_Problem_.
Pictures stay out of the answer, but every line of the material must be restated exactly.

_Given material_.
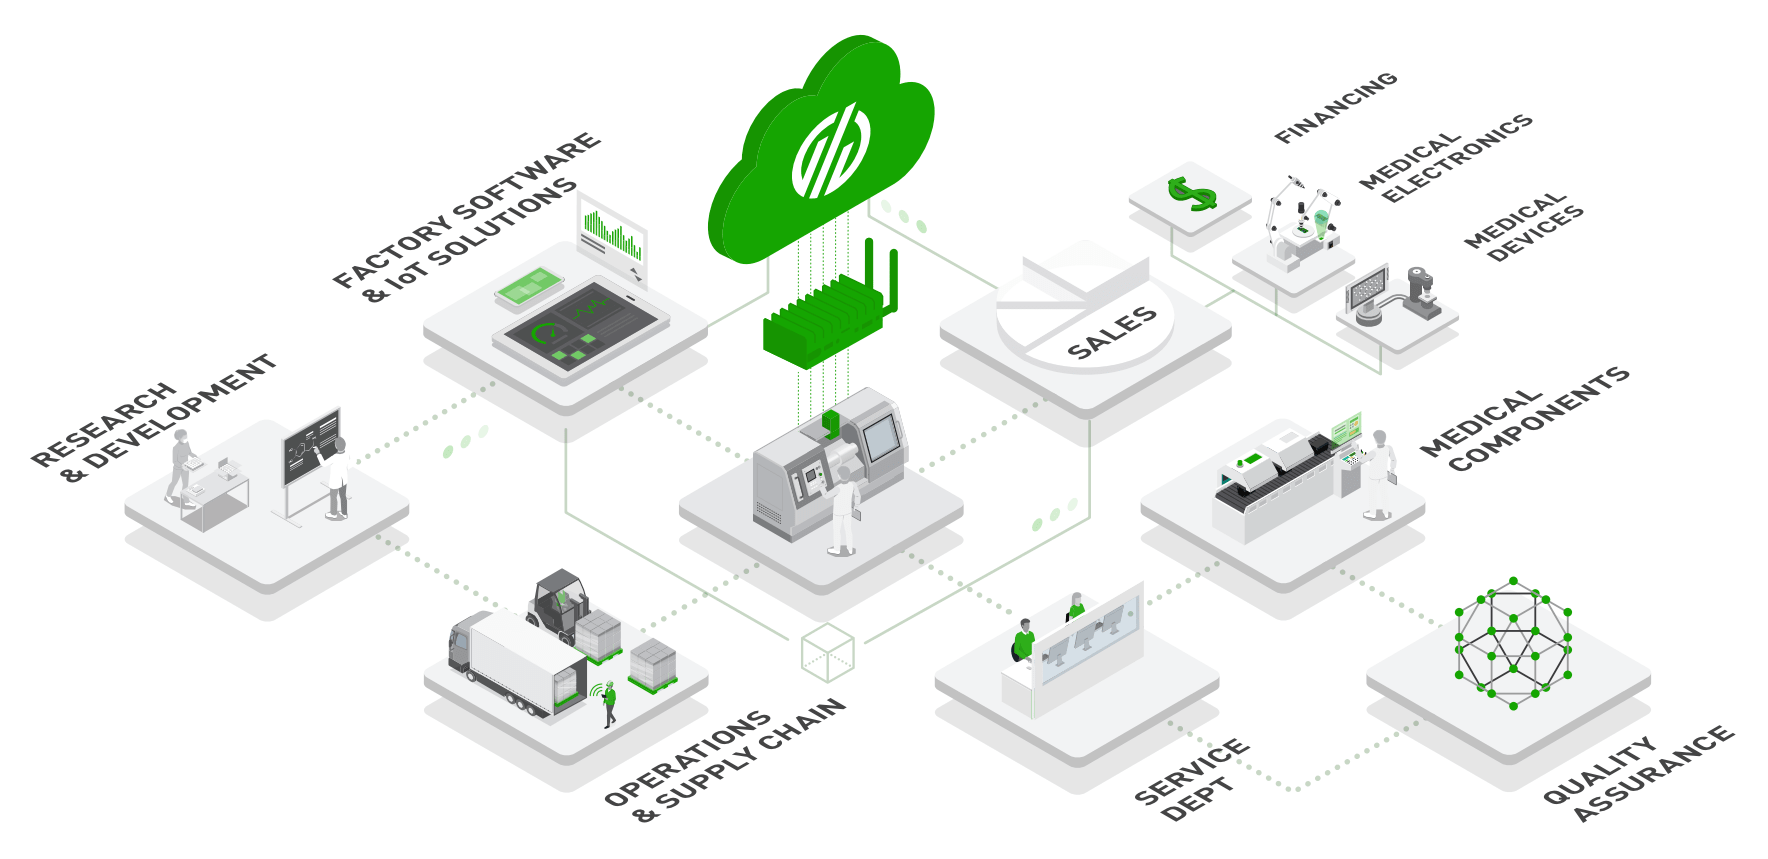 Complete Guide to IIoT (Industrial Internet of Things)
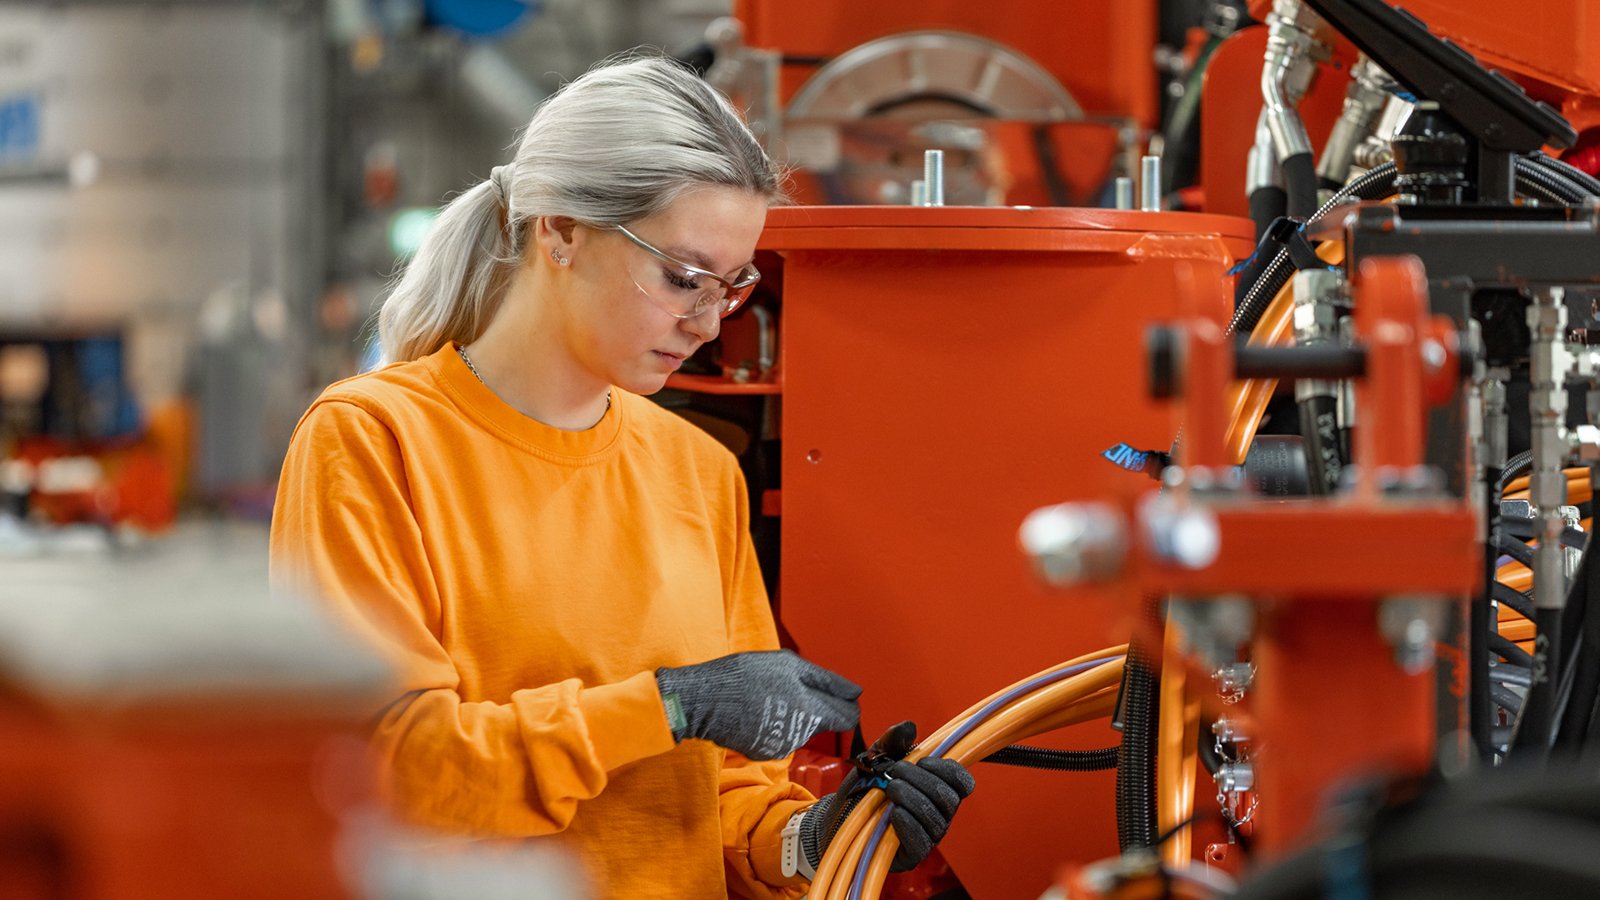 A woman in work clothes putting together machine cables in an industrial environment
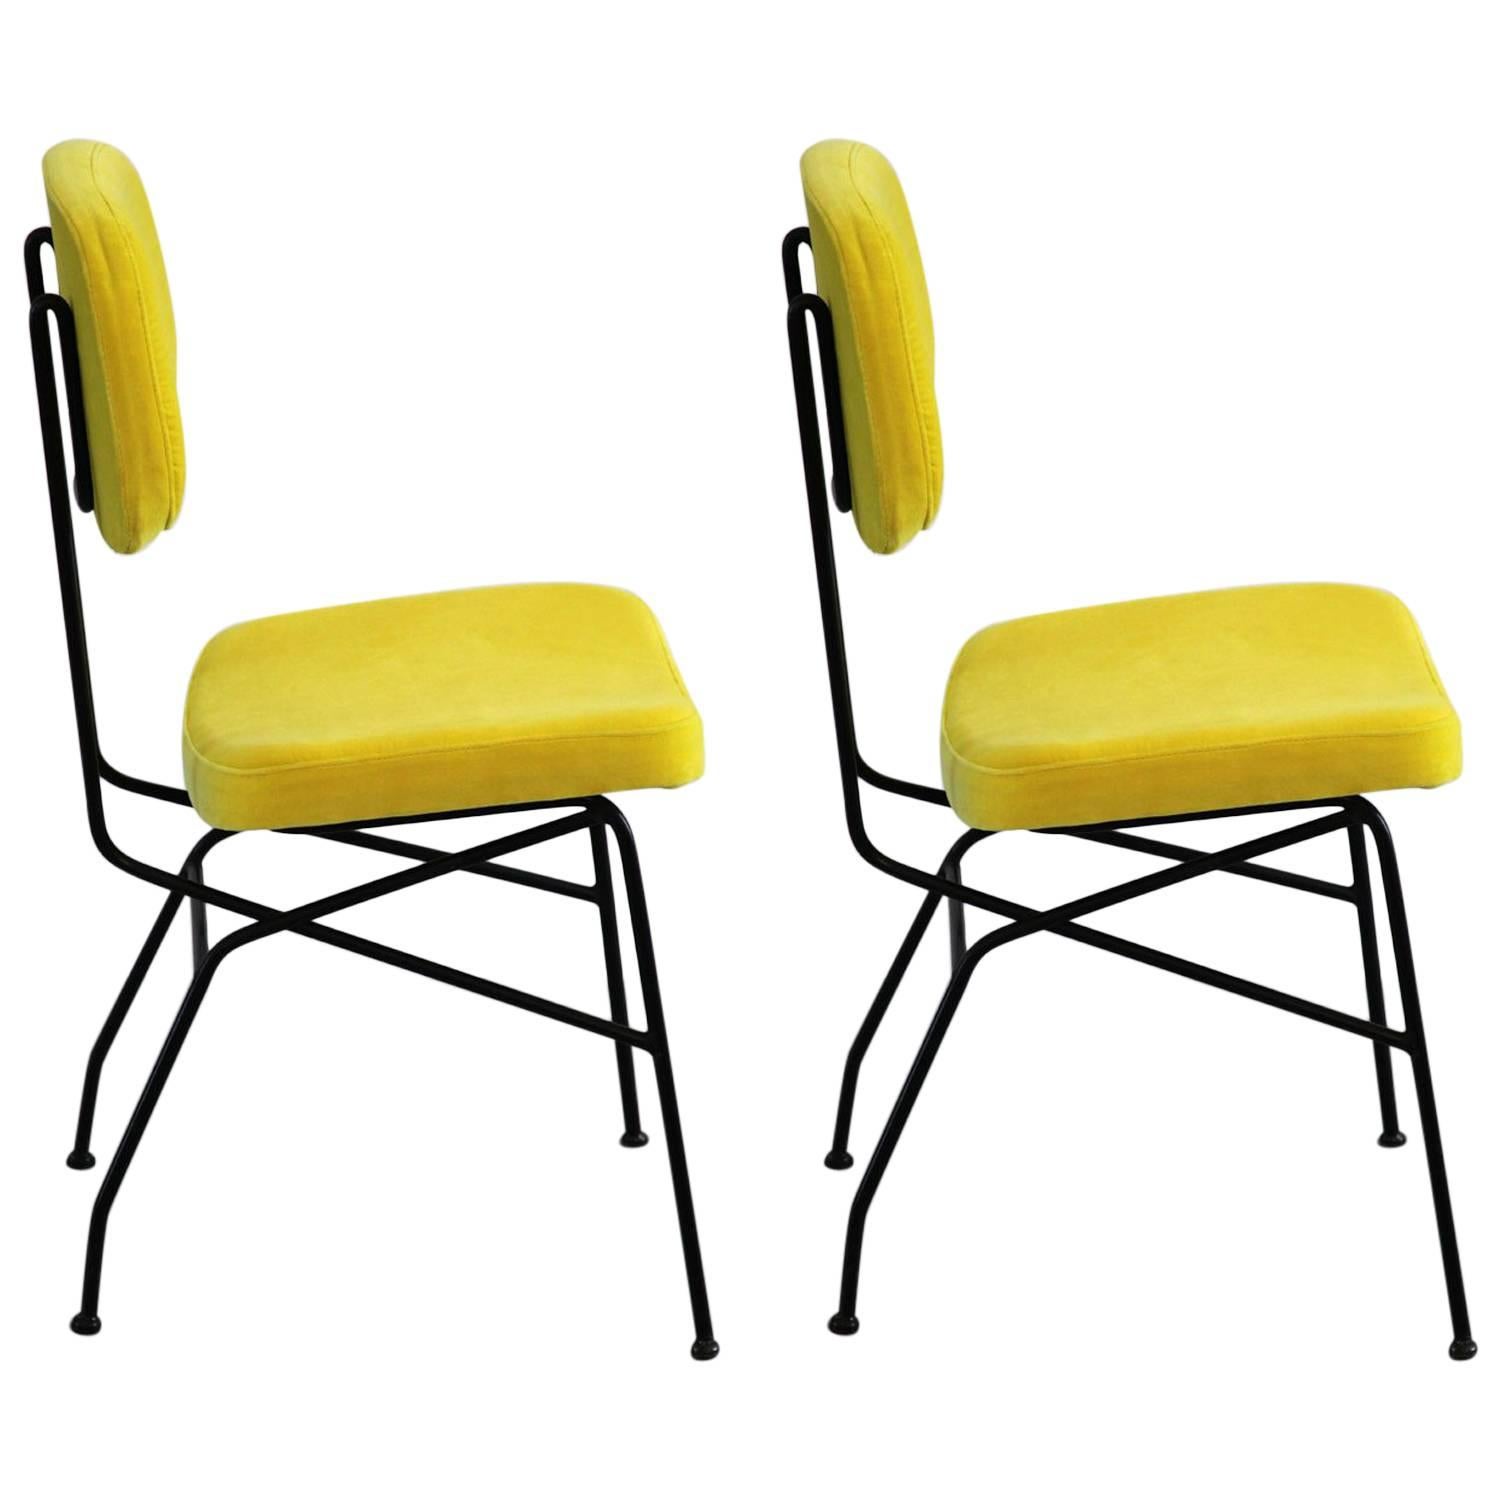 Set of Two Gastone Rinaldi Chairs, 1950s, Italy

_Reply to the task_.
 Complete Guide to IIoT (Industrial Internet of Things)
 A woman in work clothes putting together machine cables in an industrial environment
 Set of Two Gastone Rinaldi Chairs, 1950s, Italy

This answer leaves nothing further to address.